ASSIGNMENT:
Word for word, transcribe the data below from the line with "Imagen LEICA M3" to the line with "Fallout 3 Travel Kit + Downloads", keeping both of those lines.

DATA FOR THIS EXERCISE:
--- START ---
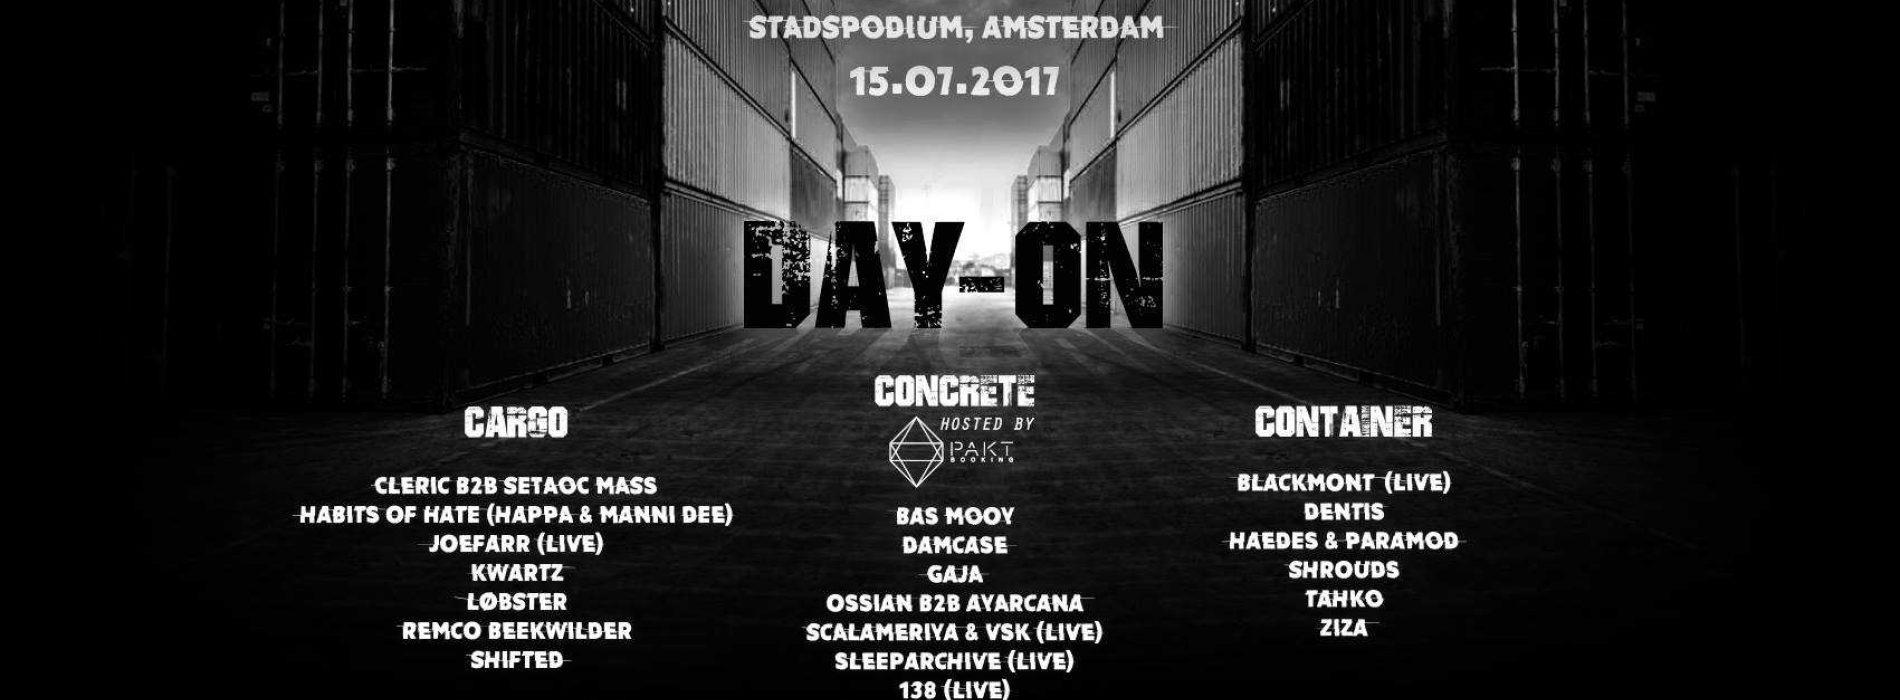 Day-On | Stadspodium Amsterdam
--- END ---
--- START ---
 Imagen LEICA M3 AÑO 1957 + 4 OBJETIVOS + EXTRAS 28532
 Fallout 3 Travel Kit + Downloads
--- END ---
RESULT OF THE TASK:
 Imagen LEICA M3 AÑO 1957 + 4 OBJETIVOS + EXTRAS 28532
 Fallout 3 Travel Kit + Downloads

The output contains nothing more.